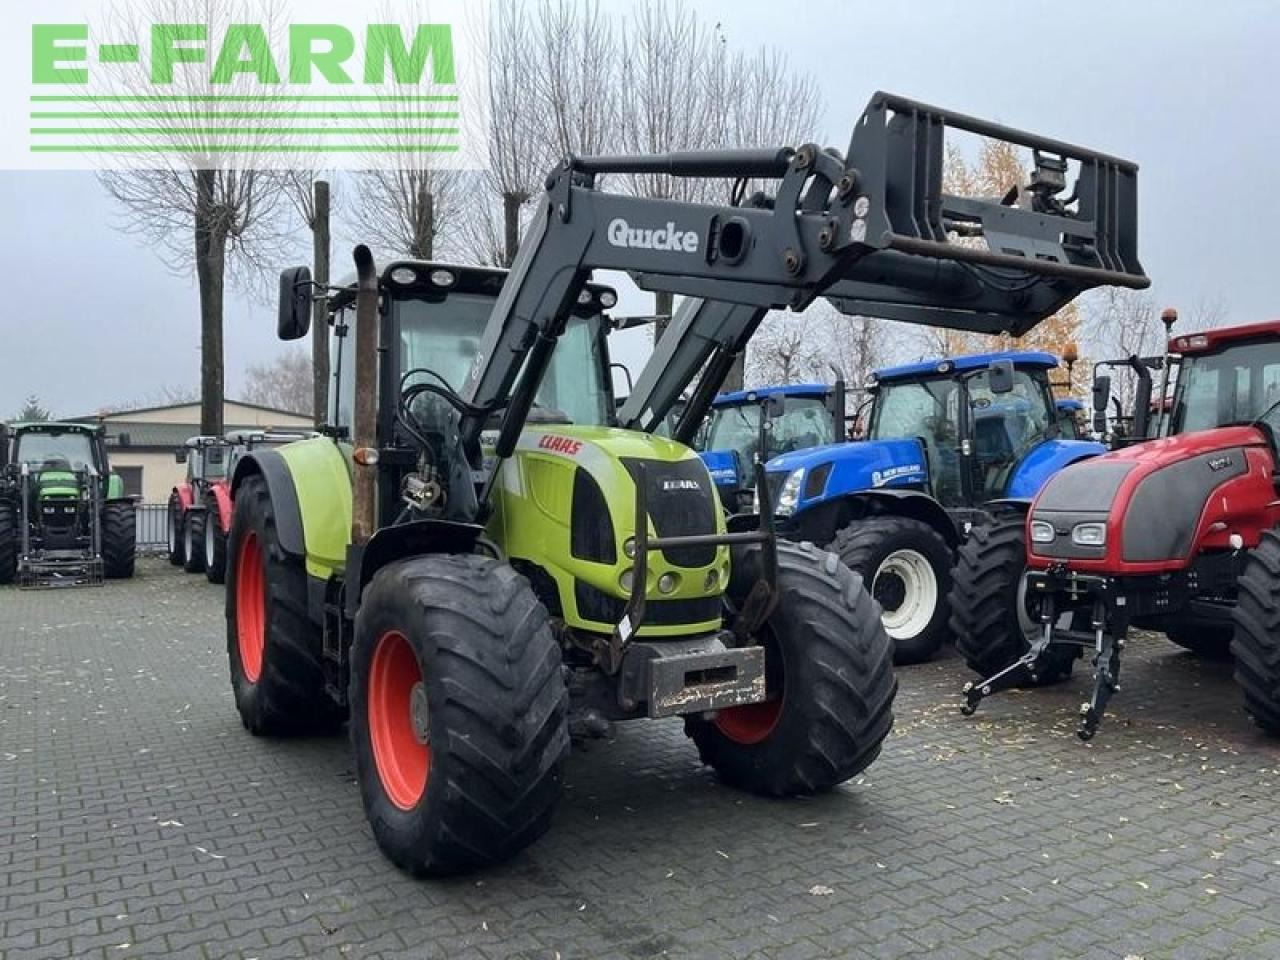 Farm tractor CLAAS arion 640 cis + quicke q65
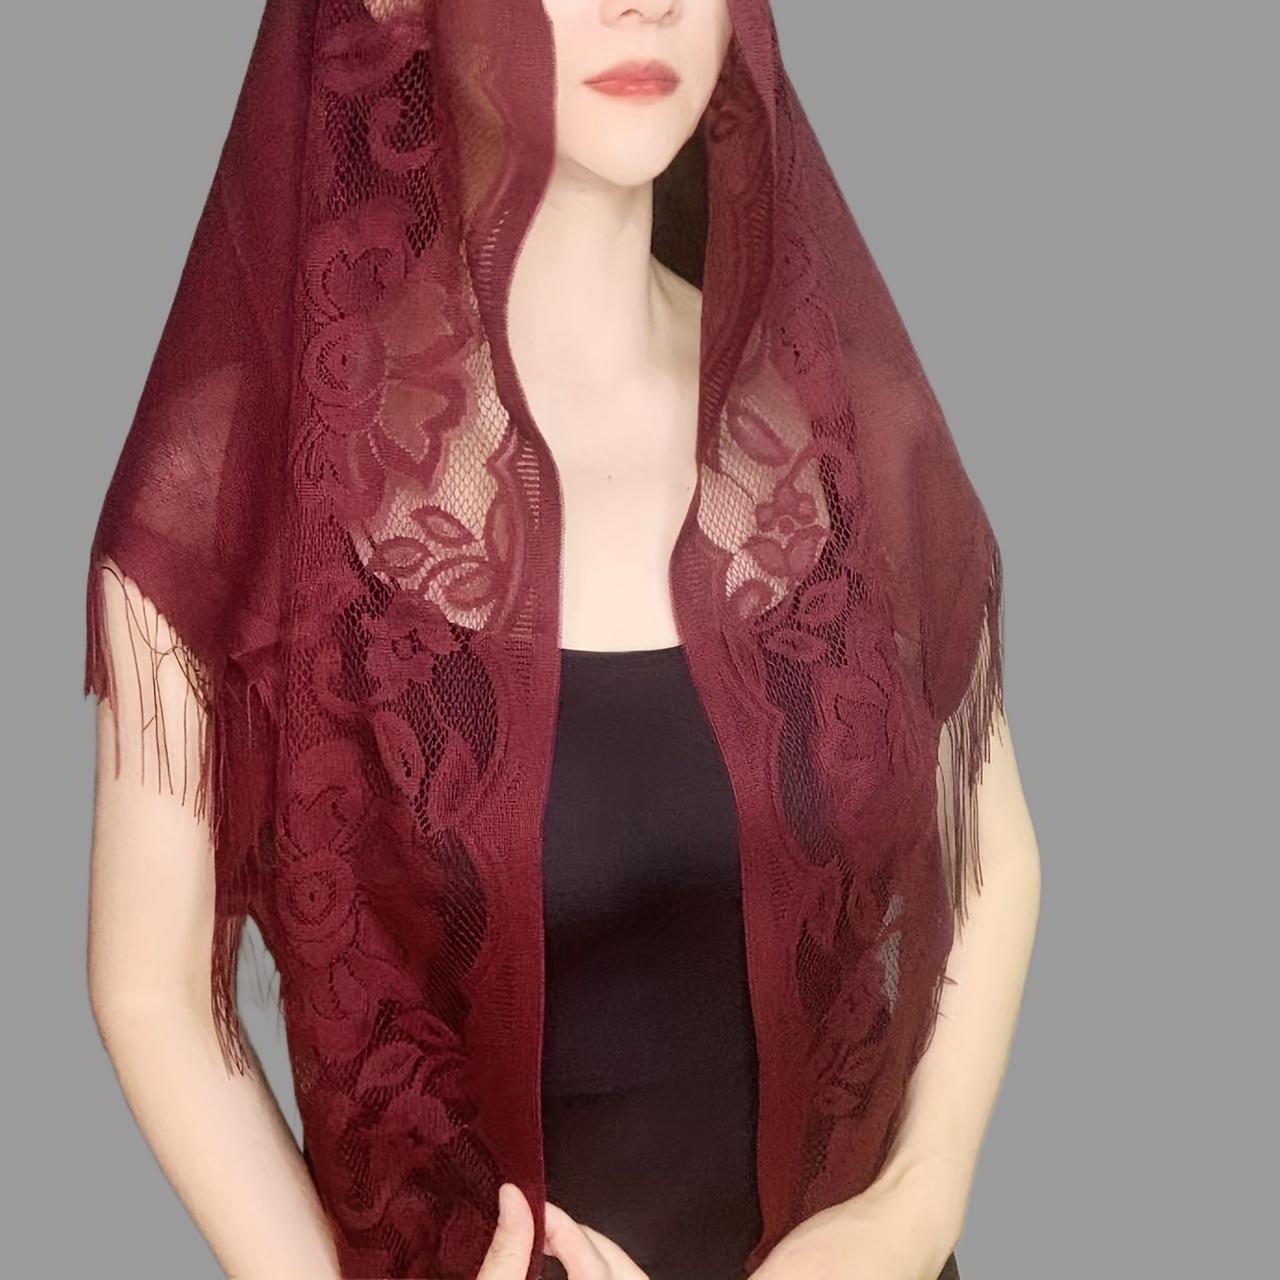 classic triangle lace veils tassel scarves vintage catholic veils mantilla head covering church veil for women
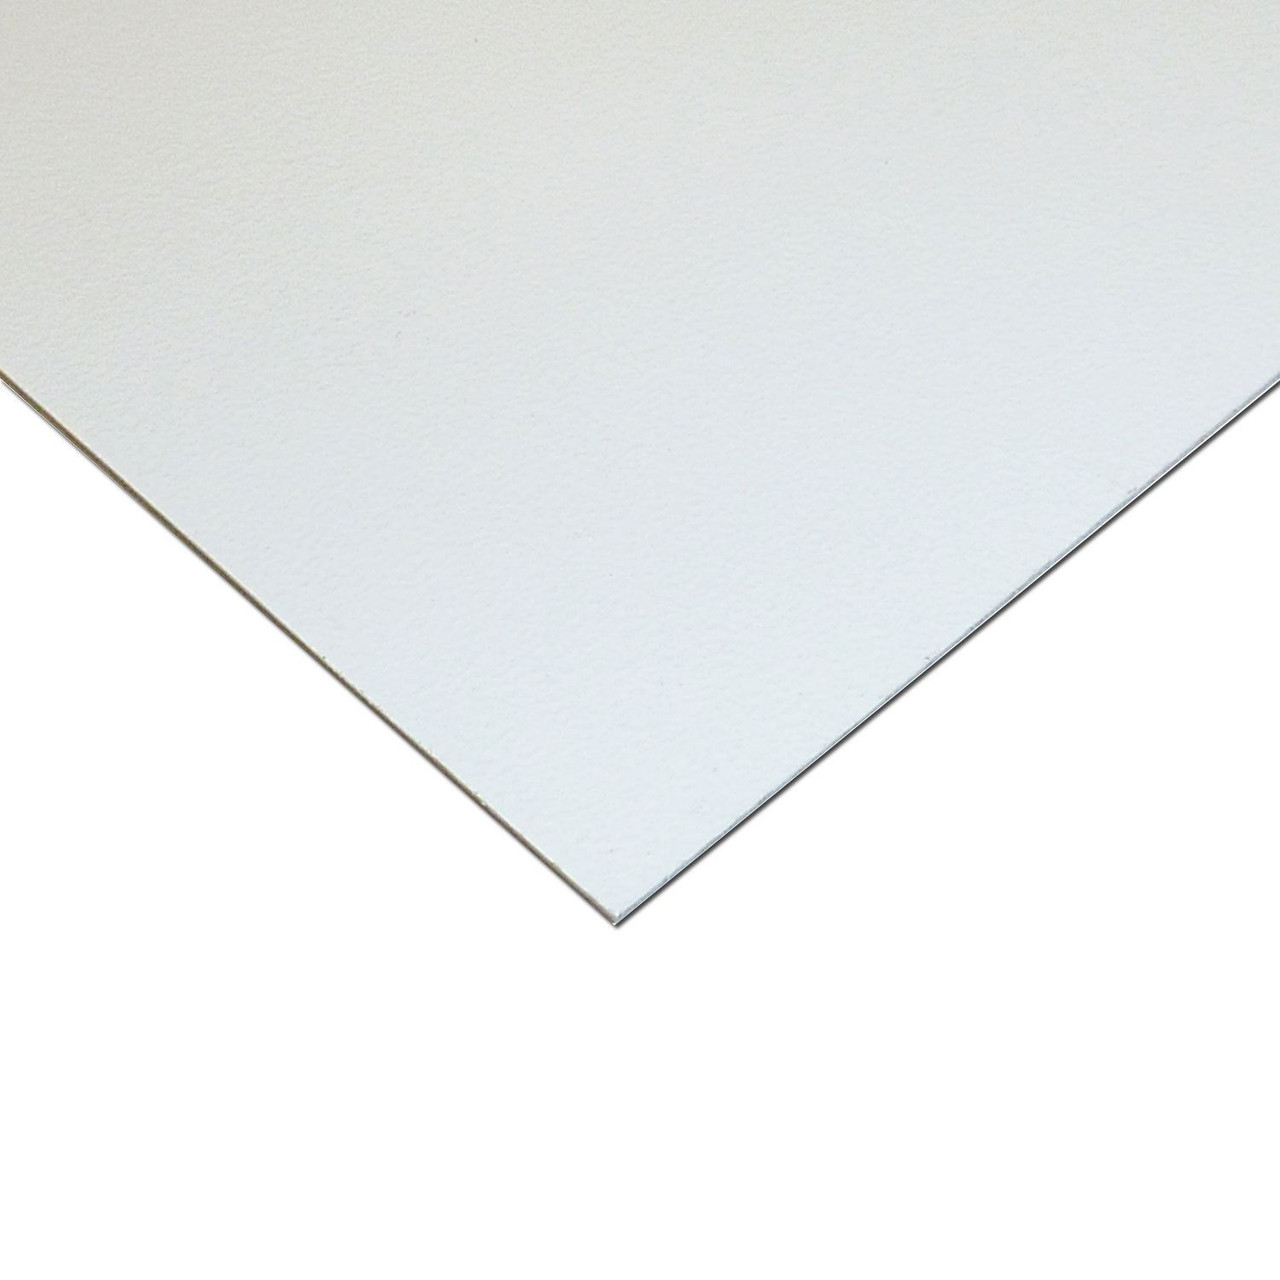 High Impact Polystyrene Plastic Sheet .040" x 38" x 80" - White

------

All the material above must be copied exactly, and no picture belongs in the copy.

 Farm tractor CLAAS arion 640 cis + quicke q65
 classic triangle lace veils tassel scarves vintage catholic veils mantilla head covering church veil for women
 High Impact Polystyrene Plastic Sheet .040" x 38" x 80" - White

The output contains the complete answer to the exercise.